*MATERIALS PROVIDED:*
● ● ●

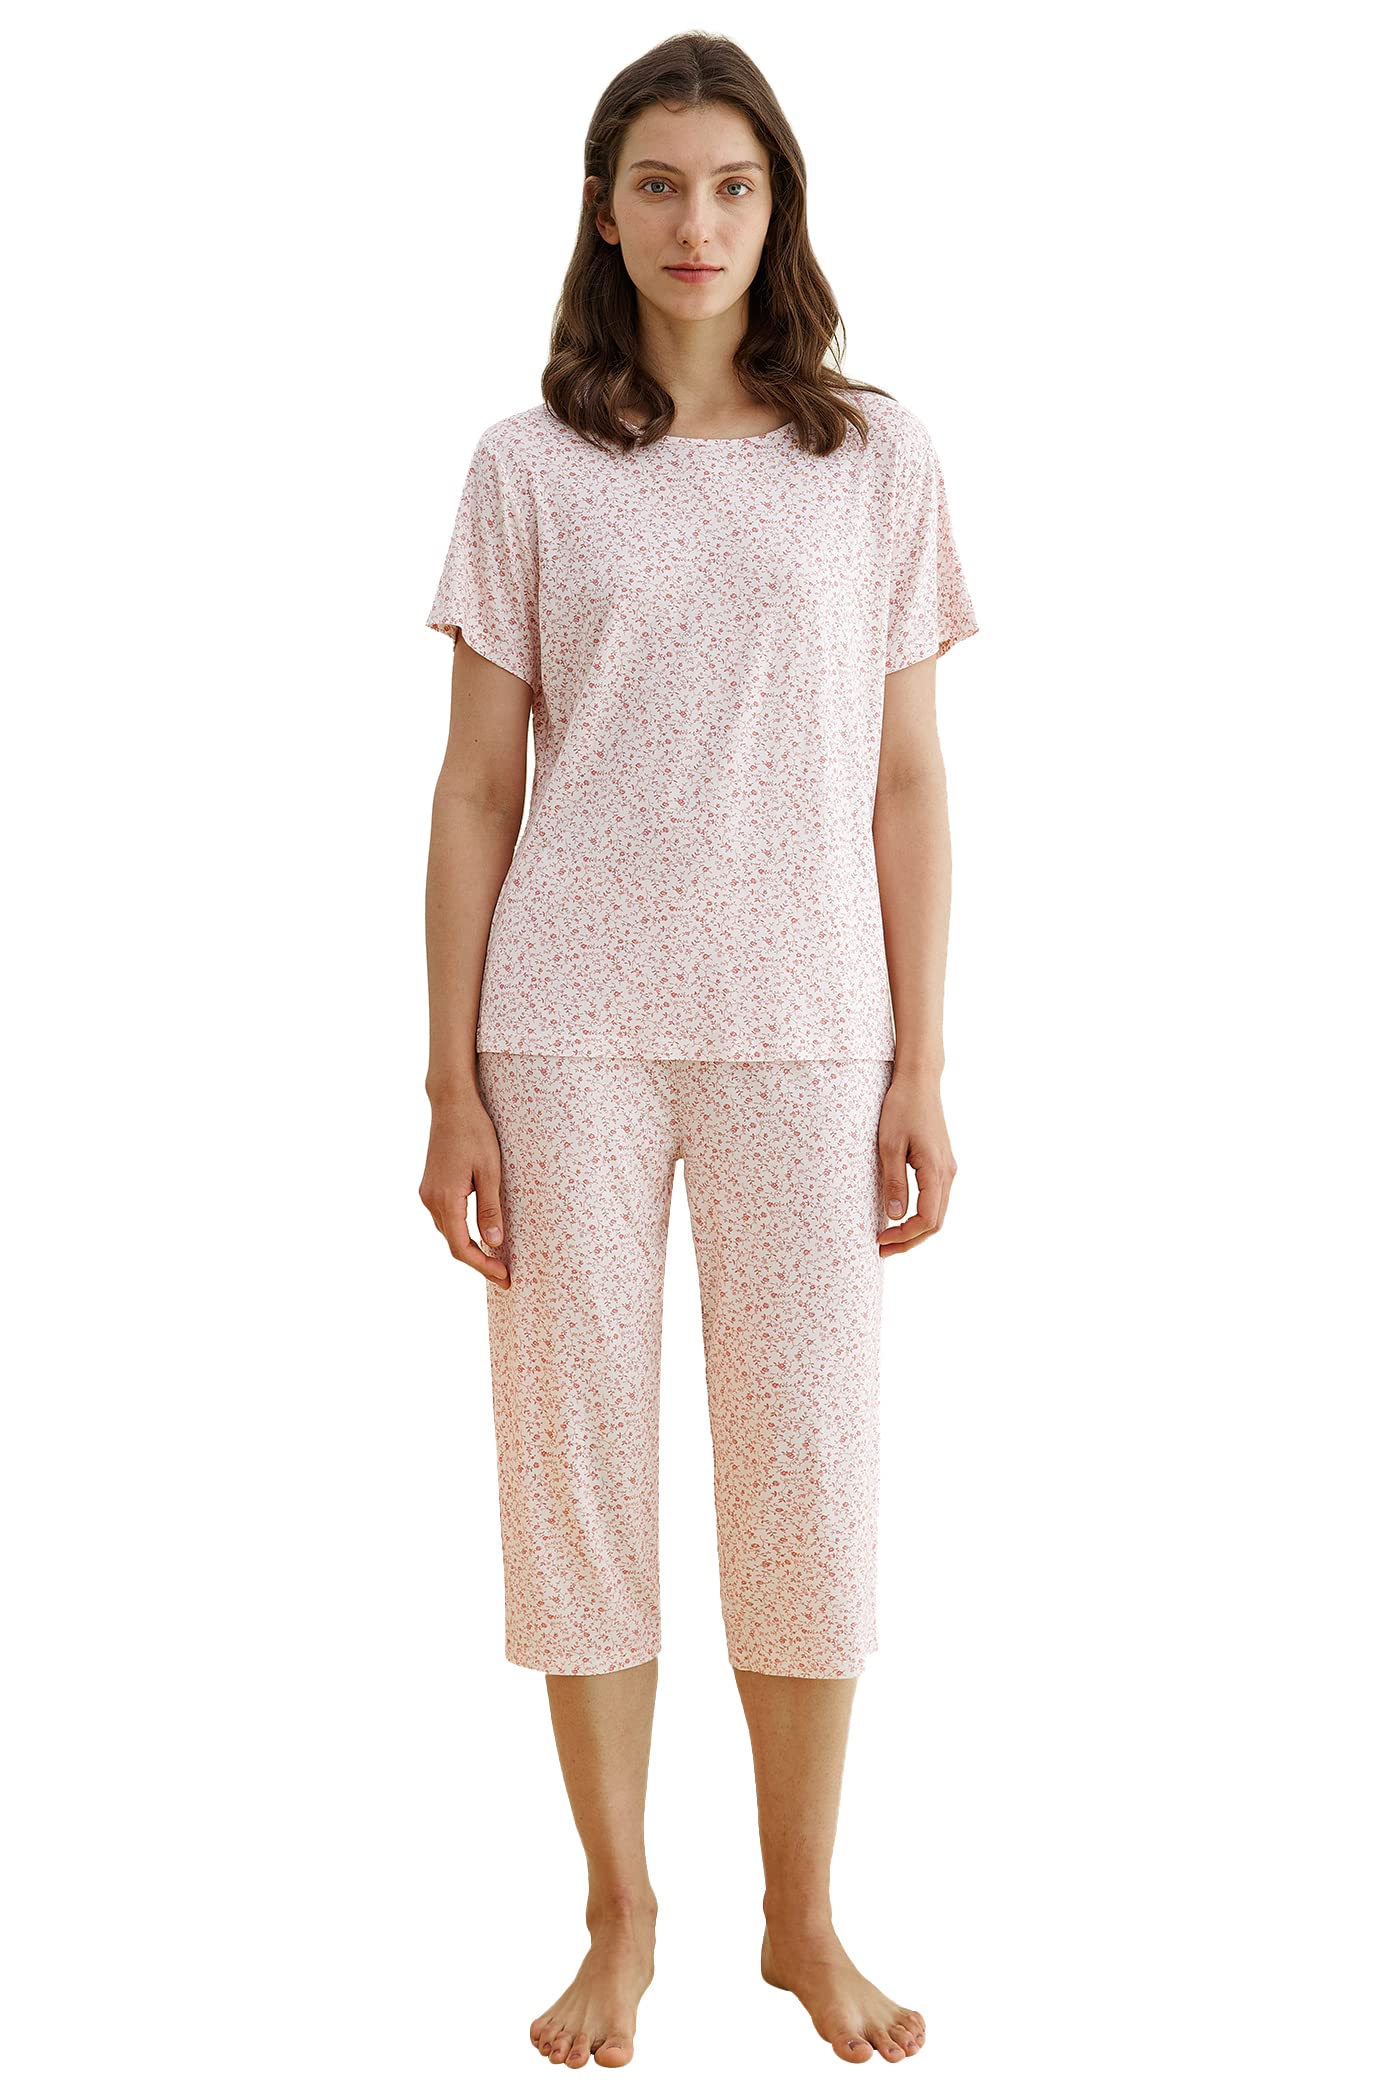 Charter Club Women's Cotton Printed Capri Sleep Pants Color Floral
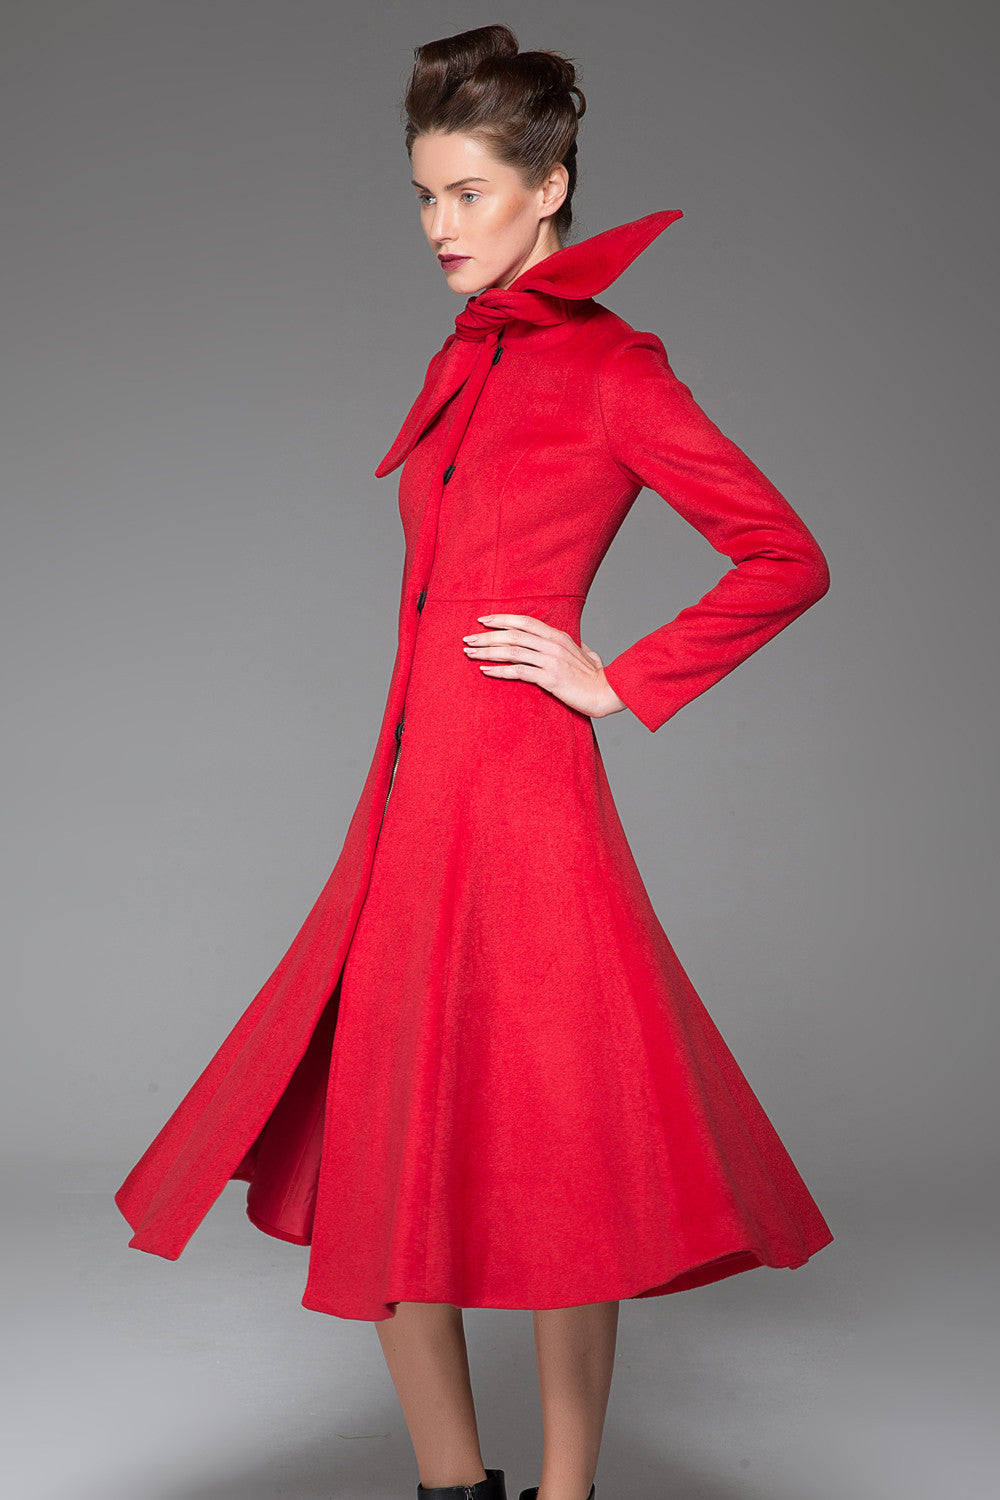 Wine red wool coat winter women coat hooded coat (1354) – XiaoLizi
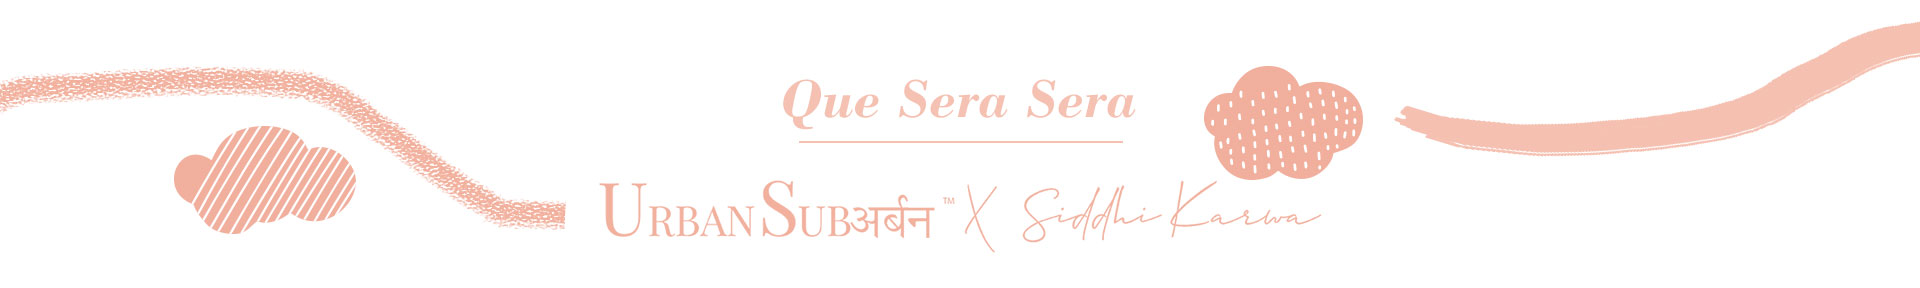 Urban Suburban X Siddhi Karwa
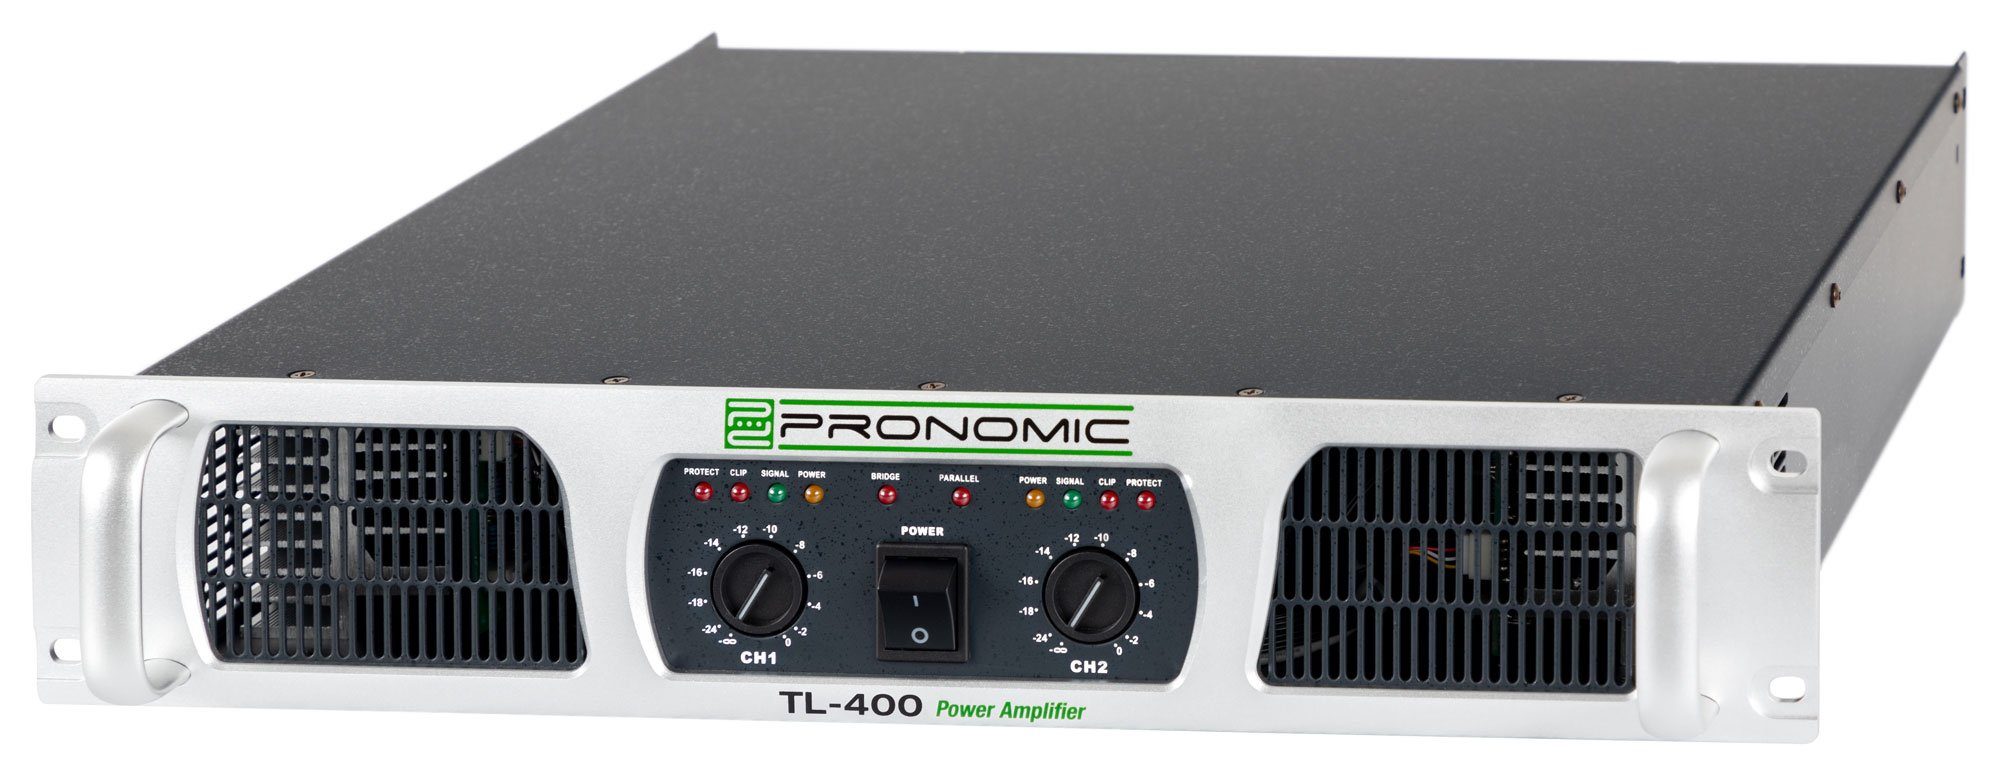 2000 W, Pronomic (Anzahl Stereo-Leistungsverstärker Endstufe Ohm) an 2x TL-400 Verstärker Schraubklemmen, Kanäle: 2 2 Watt Kanal 1000 mit Lautsprecher-
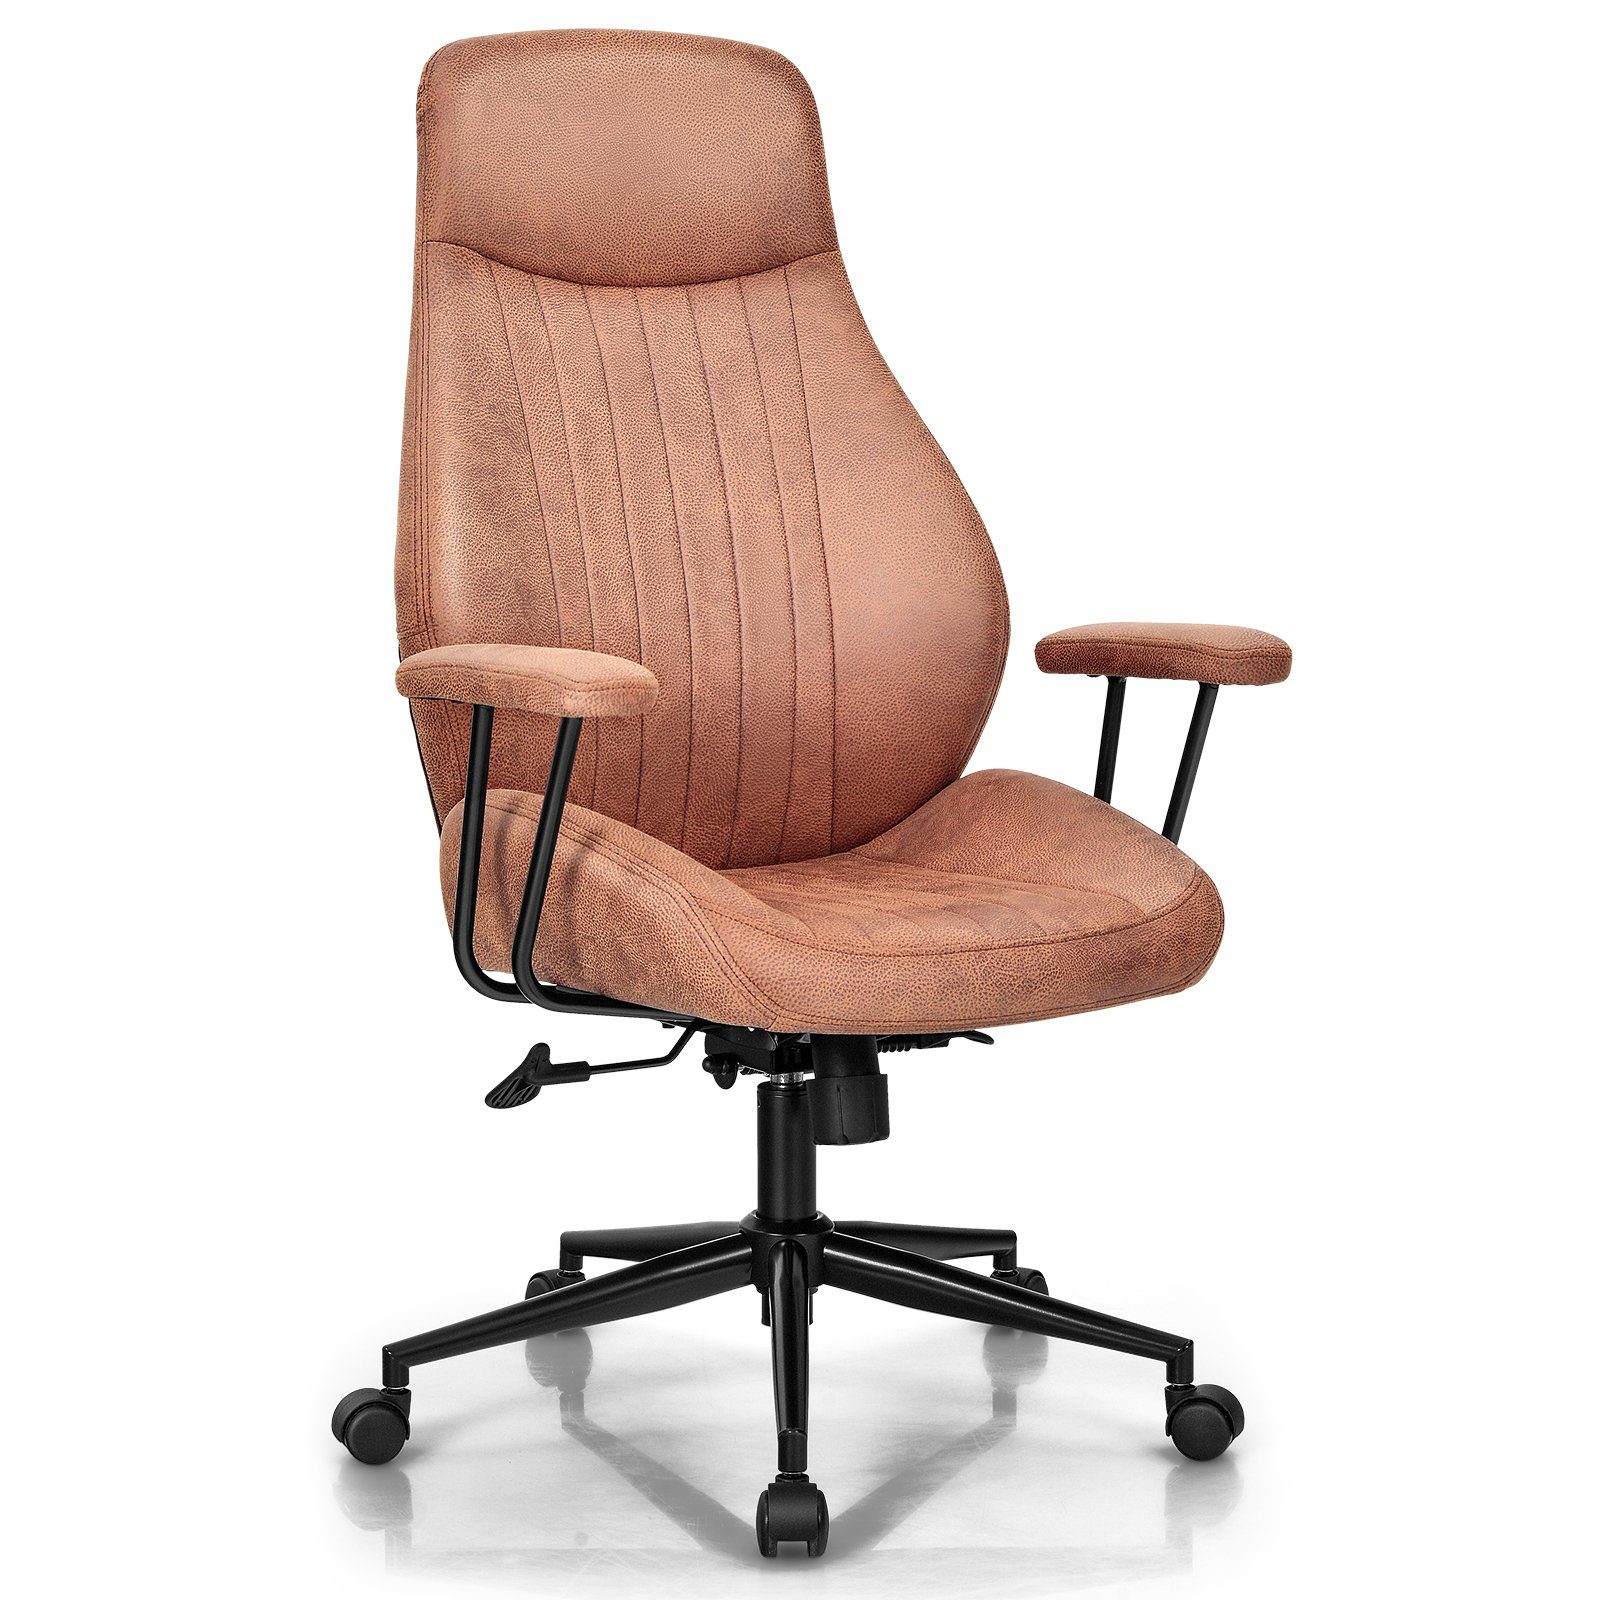 Durrafy ergonomic adjustable chair : r/OfficeChairs

● ● ●

*PROBLEM DETAILS:*
Please retype the listing above word for word, skipping each picture.

*OUTPUT OF THE EXERCISE:*
 Charter Club Women's Cotton Printed Capri Sleep Pants Color Floral
 Wine red wool coat winter women coat hooded coat (1354) – XiaoLizi
 Urban Suburban X Siddhi Karwa
 2000 W, Pronomic (Anzahl Stereo-Leistungsverstärker Endstufe Ohm) an 2x TL-400 Verstärker Schraubklemmen, Kanäle: 2 2 Watt Kanal 1000 mit Lautsprecher-
 Durrafy ergonomic adjustable chair : r/OfficeChairs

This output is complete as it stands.